After climbing the sand dune, we had a guided tour throught Sossusvlei. Our guide was a local bushman who really knew about the local plants and animals, including these little lizards, which he informed us the local bushman eat live in order to preserve their water.  The guide also dug up a few spiders from underneath the sand and gave a lot of information about the local plants.

In the middle of the sand dunes are several “dead vlei.” These are the areas where water once pooled in times of flood, which ocurrs about every 10 – 20 years, but which water can no longer reach. The areas can be several kilometers across.
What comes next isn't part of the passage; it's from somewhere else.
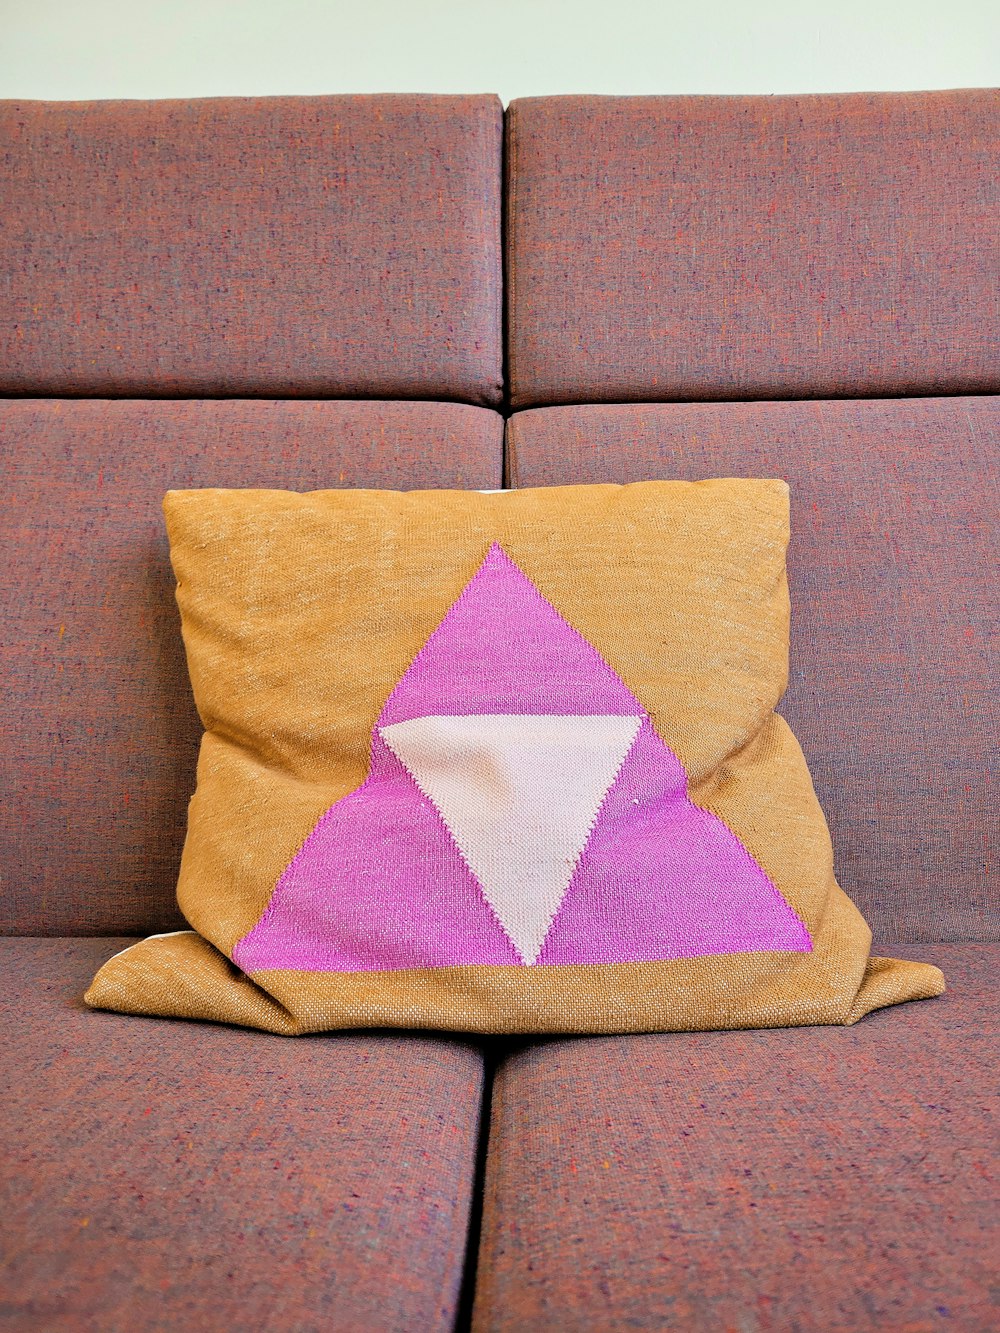 a brown couch with a pink and white pillow on it

After visiting Sossusvlei, we made a quick stop at the Sesriem gorge. This is one of the few places where there is always water in the Namib desert, and as a result, many animals can be found. While we were there a troop of baboons was watering.

Day 11

We broke camp early and headed for Swakopmund, which is still in the Namib desert but is along the Atlantic coast. Along the way, we crossed the Tropic of Capircorn and were able to get out and take some pictures. After this, the drive was really hot and dusty until we made it to the coast, where the ocean breeze finally cooled things down a bit. By the time we made it to Swakopmund, we were all pretty tired, hot and dusty, and so we relaxed around the hotel most of the afternoon. This was the first time we had an real bed since Cape Town, and so it was very relaxing. We didn’t really feel like going out to dinner either. Luckily Jae and Eui treated us to a feast of traditional Korean noodles that they brought with them all the way from home. The dinner really hit the spot.

Day 12

Swakopmund is a city known for offering all sorts of adventure activities for visitors, so there was no resting today. We booked the Quad biking/Sandboarding combo and headed for the dunes at first light. I was a little leery of the whole thing when we booked it, but it really turned out to be a lot of fun.